And so the benefits of being able to just run your Python models wherever SQL mesh is it's much easier to debug. You can see the Python code running. You have all the dependencies installed, etcetera.
[00:13:46] Unknown:
And digging more into SQL mesh itself, can you talk through some more of the implementation and some of the user experience around how to actually build a project
[00:14:00] Unknown:
with it. Sure. I mean, it's it's quite similar to DBT in the sense that you can just define your SQL, and then you can just run plan. So SQL mesh's plan is, kind of like DBT's run, except that the plan kind of gives you an overview of what might happen first before you actually apply it. And so that kind of takes inspiration from Terraform, if you're familiar with that. Right? Because we understand SQL, we can understand a lot of what's gonna happen before we actually run it. And so when you define a SQL mesh model, it's it's very familiar. You're simply writing SQL. There's not a bunch of YAML that you have to define. You don't have to do ref tags. You just write your SQL in files.

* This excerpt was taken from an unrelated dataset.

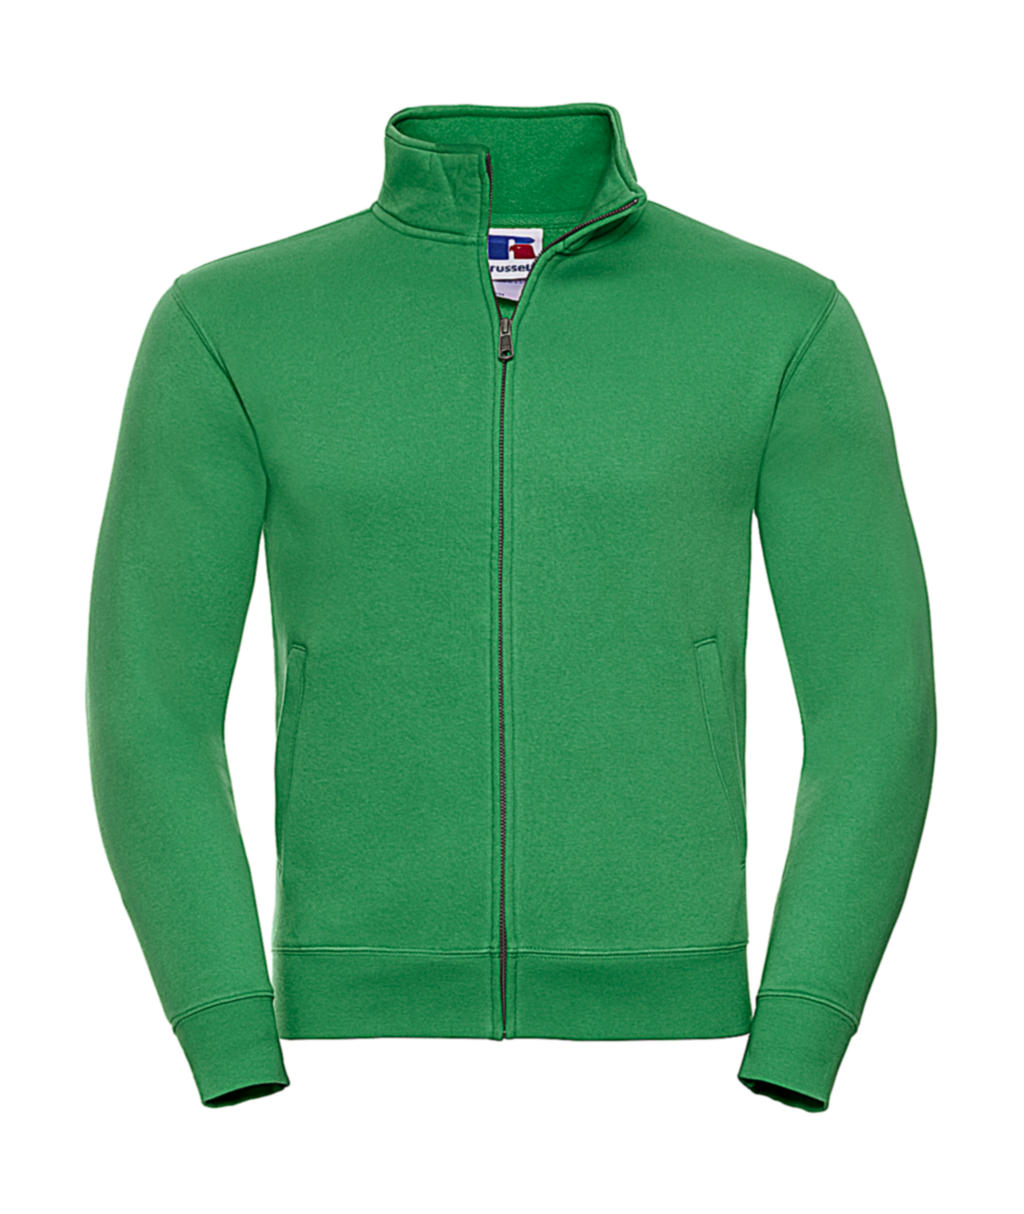  Mens Authentic Sweat Jacket in Farbe Apple

And then from there, we can automatically detect all the dependencies. We could do some compile time, validations, like if you have any syntax errors, and then we can tell you exactly what has changed and what hasn't changed. So the development experience is similar to dbt if you've seen it, but it's a little bit more powerful in that we have things at compile time that can are are very powerful and also that, you know, you don't have to do a lot of extra manual work with YAML files and refs, etcetera.
[00:15:21] Unknown:
And in terms of the development of SQL mesh itself, can you talk to some of the ways that the design and goals have evolved since you first started working on it and maybe give some sense of what the current level of maturity is for people who are starting to think about adopting SQL mesh for their own work. So the most important goal, which has never changed for us, is that SQL mesh should always be correct. Right? Correctness is nonnegotiable.
[00:15:49] Unknown:
So we wanna make sure that whatever results SQL mesh are pumping out, that is what you expect and consistent. And so over time, as we've been developing SQL mesh, what we found challenging as we delve into different use cases is like, it's quite difficult to do this. Right? It's quite difficult to make make sure everything is always correct. So starting from a foundation of we're able to understand SQL. Right? There's so much we can do with that, to help aid in correctness and efficiency. For example, because we can understand SQL, we understand also how changes to your SQL can or cannot affect downstream dependencies.
For example, if you have a parent model that has many down children and you add a column to it. Right? What does that mean? If you're just naive, you think, okay. I have to backfill everything, right, the parent and all the downstream because I've changed the model. But because we understand SQL, for example, and we have a full column level lineage of who uses that table. When you add a column that's brand new, no 1 else is using it. Right? And you haven't affected the cardinality of the parent. And so we know that that is a non breaking change. We can automatically classify that. And so in order to make your environment into that correct state representing a data model with this 1 new column, we don't have to backfill the whole world. We only have to backfill that parent. Right?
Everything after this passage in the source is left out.